Developers say benefits of proposals outweigh heritage harms

72 upper ground

The scheme consists of two blocks rising to 26 storeys in an area which developers have said needs investment

Make’s controversial plans to redevelop the former ITV studios have been branded “inappropriate, out of context and harmful” to its South Bank setting at the opening of a public inquiry into the proposals.

Developed by CO-RE and Mitsubishi Estate, the office-led scheme was sent to the planning inspectorate in September by then-communities secretary Greg Clark, who overruled the approvals given by Lambeth council and Mayor of London Sadiq Khan.

The proposals, which would see the existing buildings flattened and replaced by a 26-storey tower linked to a 13-storey block, are being opposed at the inquiry by the Waterloo Community Development Group (WCDG) and Coin Street Community Builders.

The size and appearance of the scheme, named 72 Upper Ground, is likely to play a major part in the inquiry, due to the proposed development’s prominent position on the Thames and its proximity to the grade II*-listed National Theatre and the grade II-listed IBM Building.

In his opening statement, WCDG director Michael Ball said it was “very rare that the community comes together so robustly over a development”, stating that it had not happened since the Garden Bridge controversy which saw that scheme pulled more than five years ago.

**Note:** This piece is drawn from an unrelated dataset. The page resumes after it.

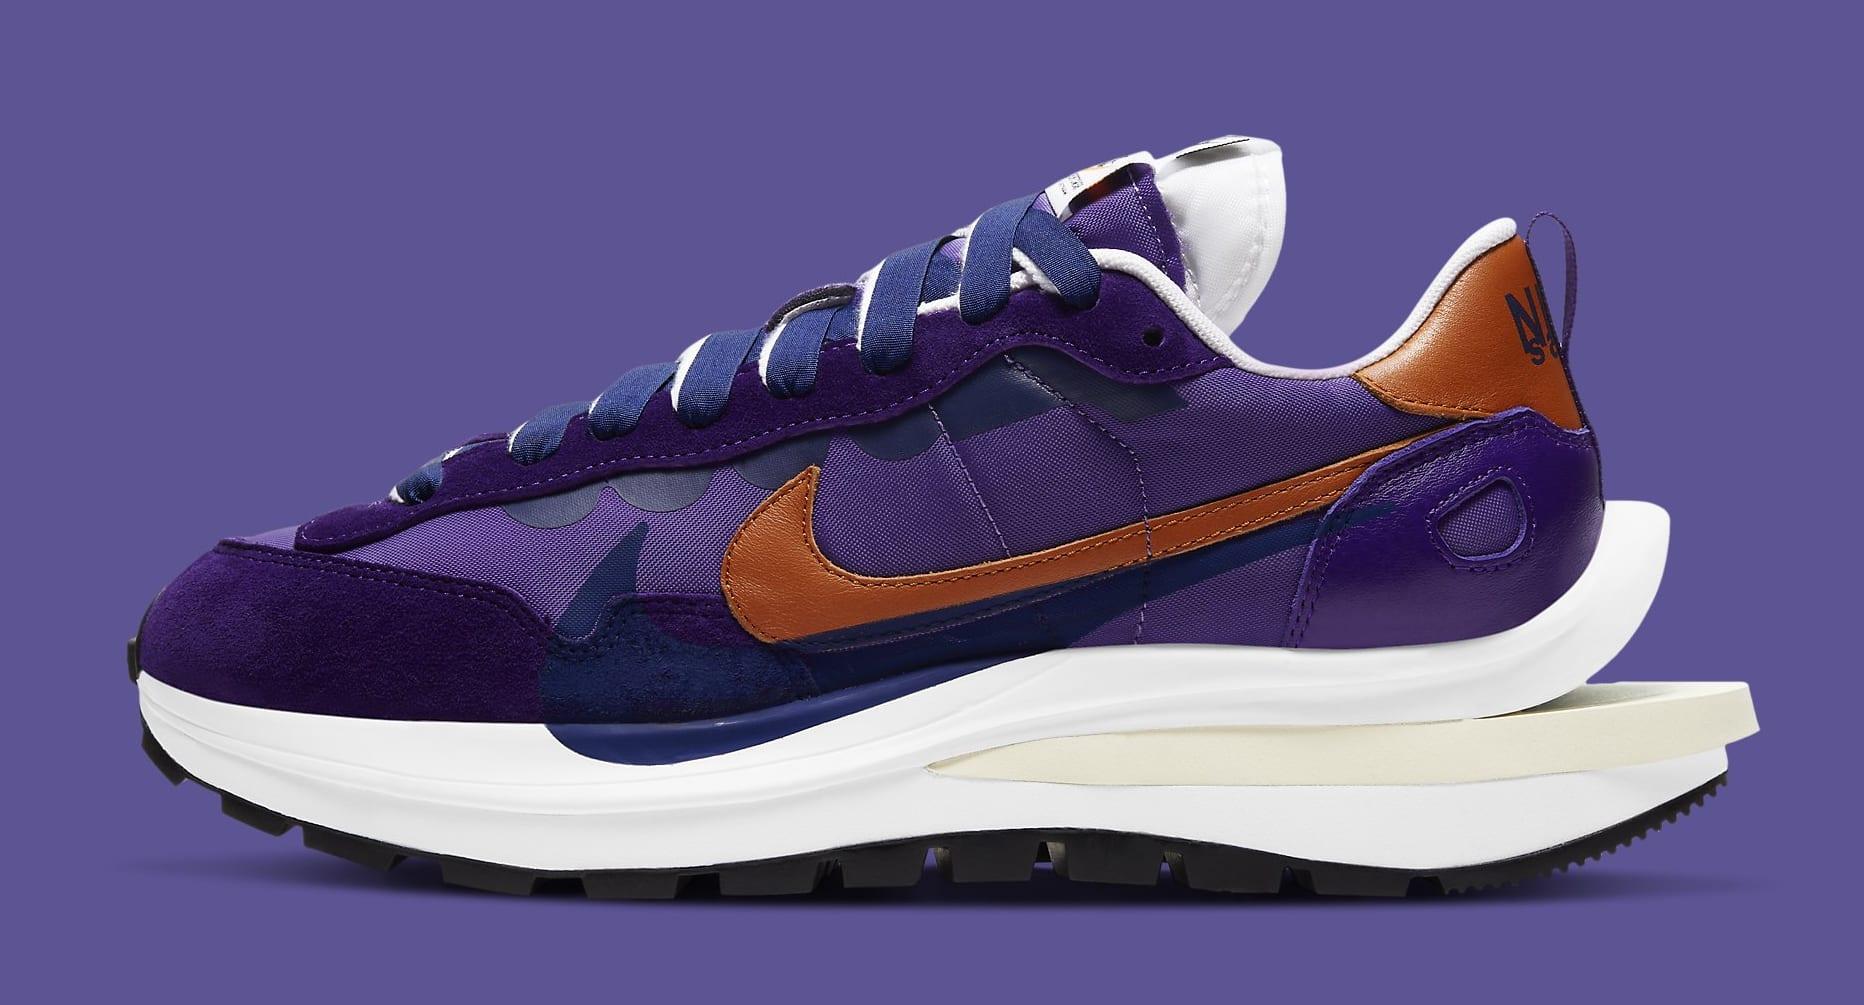 Sacai x Nike VaporWaffle 'Dark Iris' DD1875-500 Lateral

He said the community was not against building work but wanted new schemes to be “appropriate, contextual, necessary development”, and described how he had been pleased when the pair of developers bought the vacant site for close to £150m in November 2019.

How we got here

Codenamed Project Vista, plans for 72 Upper Ground were approved by Lambeth council in March this year, despite hundreds of objections from locals, including Vauxhall MP Florence Eshalomi and protests from campaign groups.

Days after Lendlease was appointed to carry out the main construction contract on the scheme, then secretary of state Michael Gove placed an Article 31 notice on the council’s decision, preventing works from beginning and allowing further scrutiny.

At the beginning of September, Gove’s successor Clark called in the decision saying the inquiry should consider evidence on the extent to which the plans are “consistent with the government policies for conserving and enhancing the historic environment, particularly in respect of designated heritage assets”.

But he said this turned to frustration after a long period without being engaged by the developers. “By the time we were consulted, all the key decisions had been made,” he said.

Ball accused the developers of “building sideways because constraints dictate that you cannot go any higher”, resulting in a development that is “inappropriate, out of context and harmful and hence of poor design”.

“It’s not the height that is damaging, it is the fatness, the girth that causes the damage […] this is a hulk,” he said.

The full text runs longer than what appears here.